Slashdot Mirror


Google Sheds Light On 'Dark Web' With PDF Search

CWmike writes "Google this week took another step in its effort to shed light on the so-called Dark Web, announcing that its search engine can now search scanned documents in a PDF. In April, Google announced that it was looking for ways for its search engine to index HTML forms such as drop-down boxes or select menus that otherwise couldn't be found or indexed." An announcement is available at the official Google blog, and it contains some demonstration searches.

3 of 78 comments (clear)

  1. Re:Just what we needed by Ed+Avis · · Score: 2, Interesting

    Well, if it's a form with a GET request then it should be safe to request it, and it's used merely to display some information. Forms using the POST method, which performs an action, are less safe and I'd hope Google is not trying to spider those.

    If people want their sites to be indexed, they shouldn't use forms for navigation.

    So the alternative is automatically generating pages and pages of links to every possible item in the database just so that search engines can follow them? If a form is the most natural and convenient interface for a human there's no reason the spider can't use it too.

    --
    -- Ed Avis ed@membled.com
  2. Not so new? by Archon-X · · Score: 5, Interesting

    Google has long since favoured PDFs - and gives them boosted results, under the guise that anyone who makes a PDF has something serious to say, I guess.
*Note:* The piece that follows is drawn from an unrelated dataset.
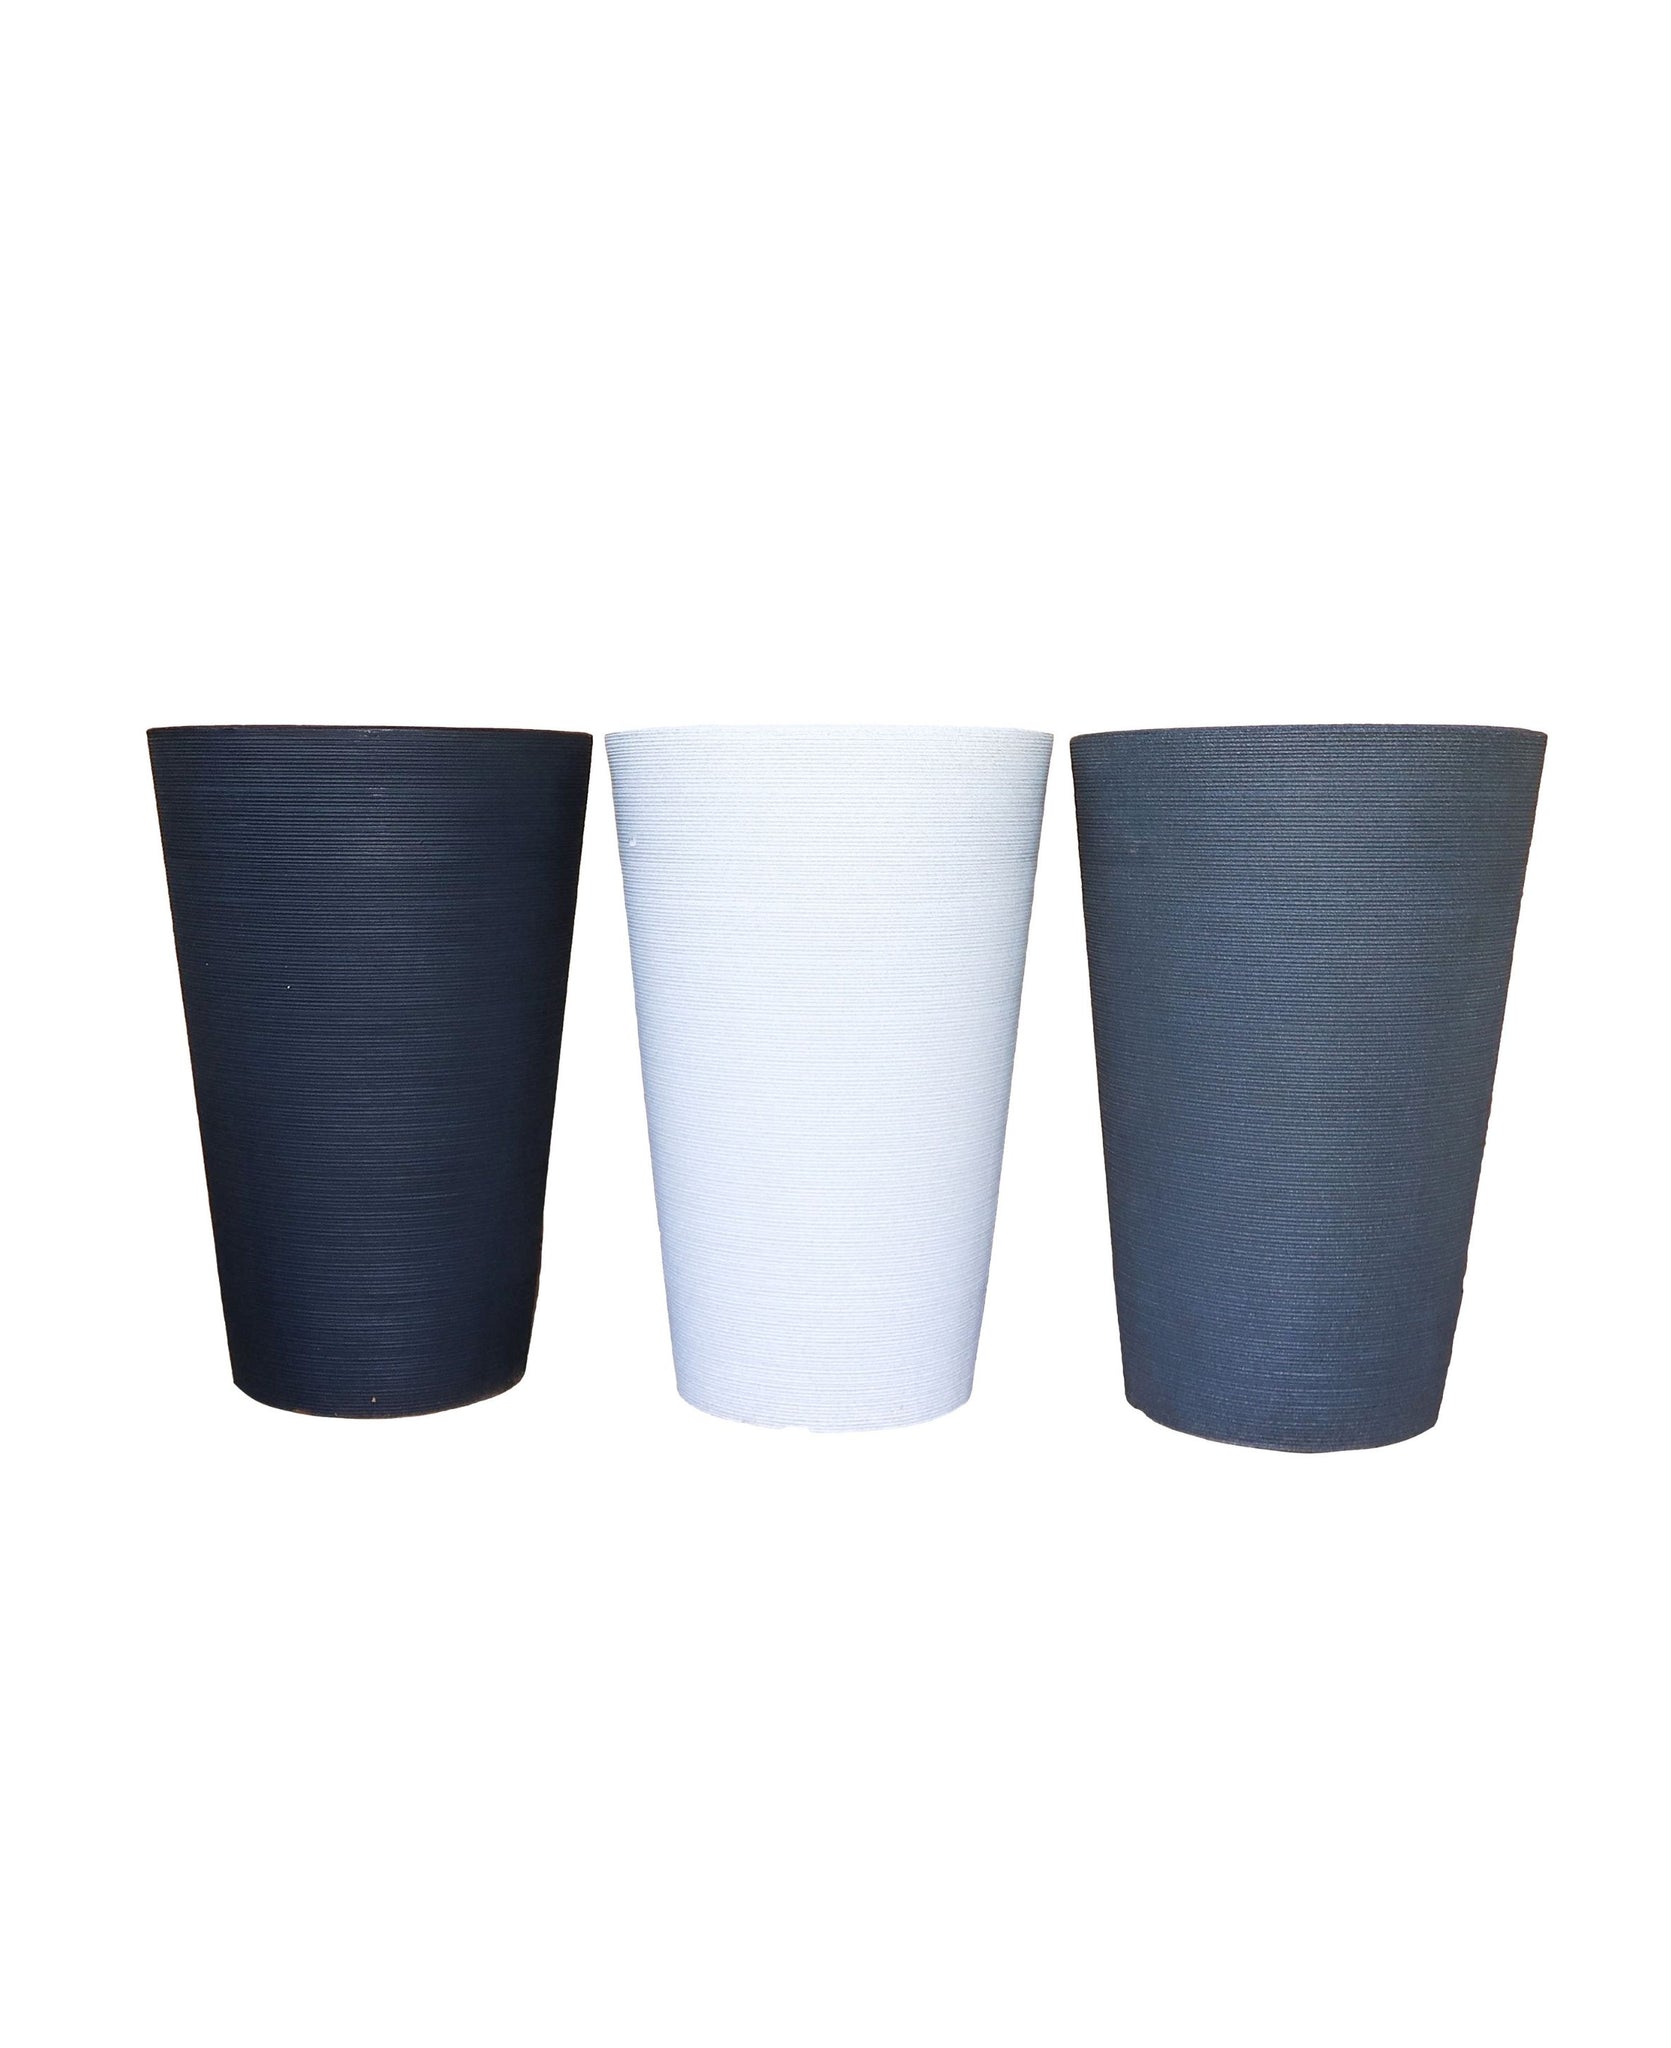 Tall, upright, Round Planters. Stylish. Modern. On trend linear design.

    You may have noticed of late that people are wise to this - there are a bunch of sites that are embedding popular search terms / results in PDF files, and clustering their sites with adverts.

  3. Tesseract by mcrbids · · Score: 4, Interesting

    Not so sure about PDFs as an image format - which is exactly what you have when you use PDF to hold scanned documents. I think the more interesting point is that they feel they have an OCR package good enough to be trustworthy. I wonder if it's based on the Tesseract OCR software that they adopted a while back?

    I played with it for a while, and got very poor results from the command line. Even when I made a png or bmp of a full screen single word "HELLO" in 200 pixel font with GIMP (about as perfect as input gets!) I'd often get "HEHO" or "H3H0" or god only knows what else.

    Of course, this is when the project relaunch was first announced a year or two ago, I certainly hope it's better now! Looking at their web page, it does appear that there's some significant activity going on. Yay Google!

    Maybe I'll try it again, and see if it's worth using yet?

    --
    I have no problem with your religion until you decide it's reason to deprive others of the truth.